Required work> Only the lines from the one containing "Von hoher handwerklicher" through the end of the entries are to be copied, exactly and without pictures, please.

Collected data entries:
......
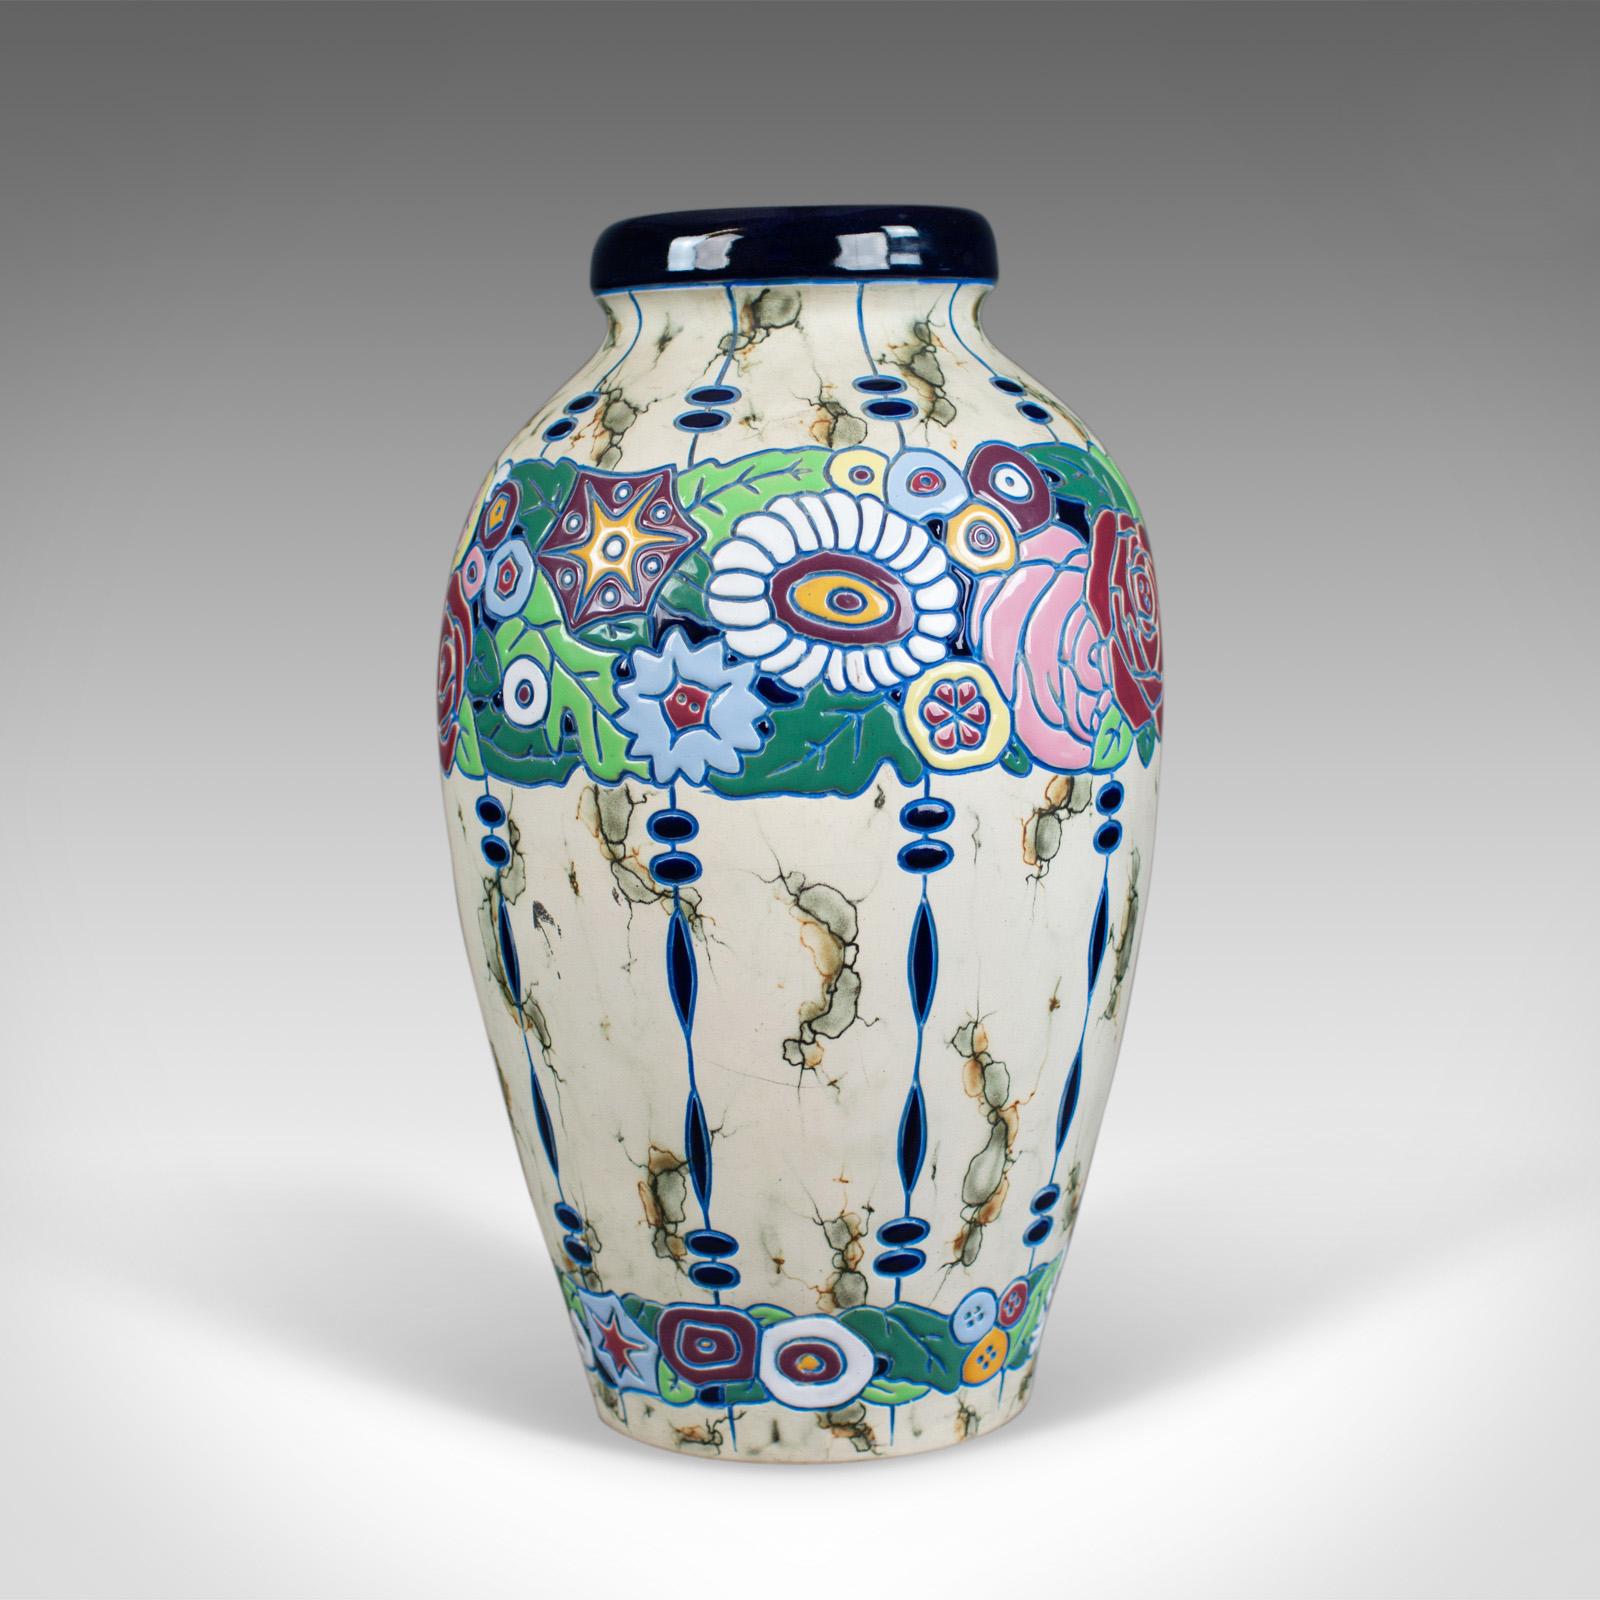 Dies ist eine große Vintage-Balustervase, eine tschechoslowakische Amphora-Keramikvase aus der Mitte des 20. Jahrhunderts.

Von klassischer Form und in guter Proportion
Von hoher handwerklicher Qualität, frei von Schäden
Sockel mit der
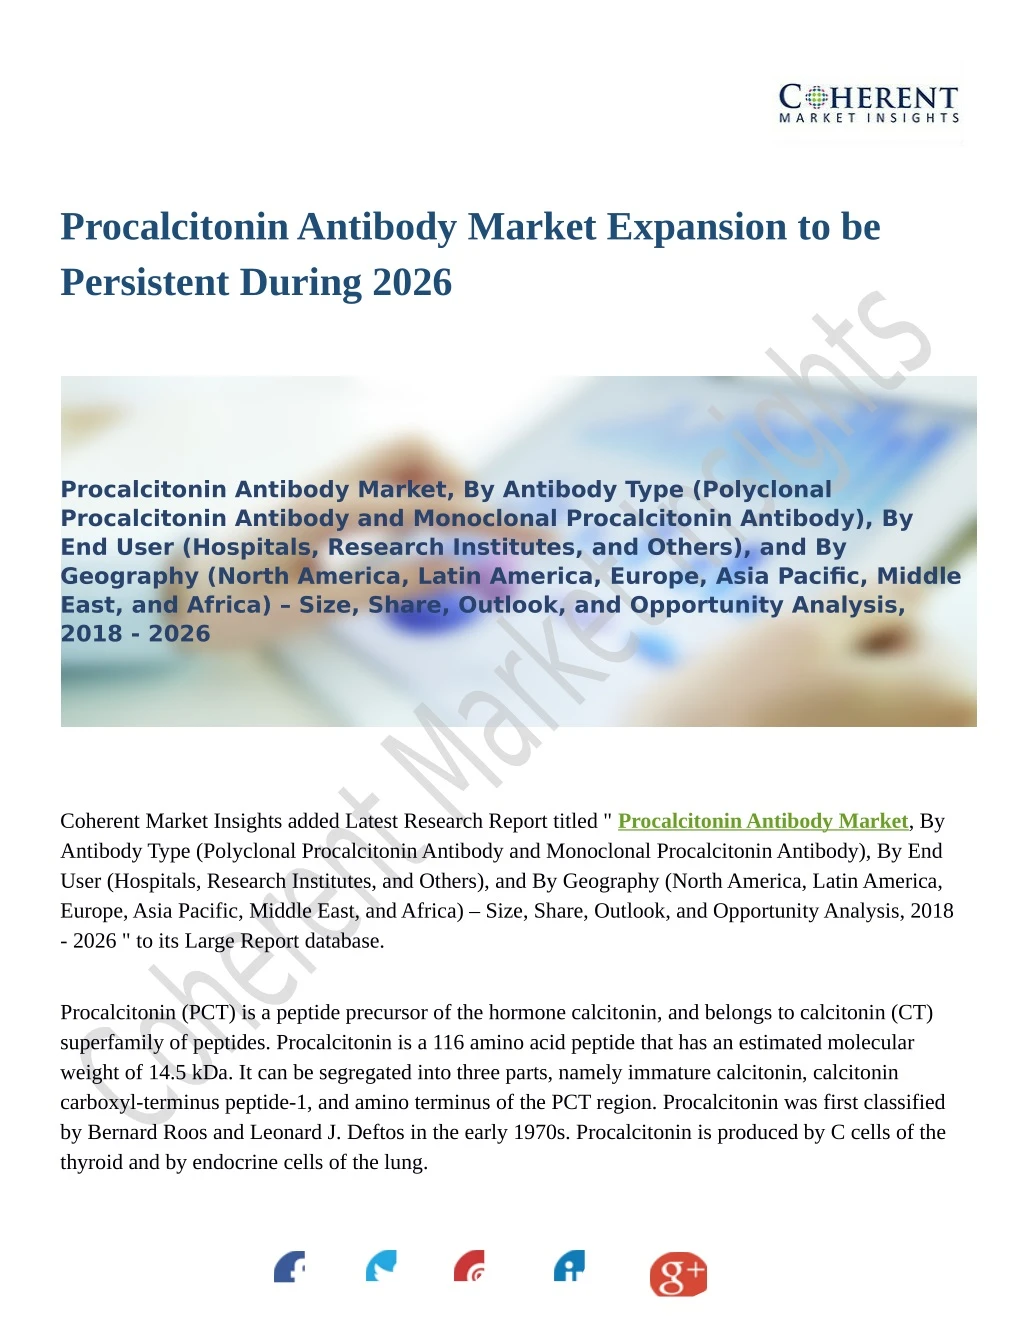 procalcitonin antibody market expansion
......
Completed exercise>
Von hoher handwerklicher Qualität, frei von Schäden
Sockel mit der
 procalcitonin antibody market expansion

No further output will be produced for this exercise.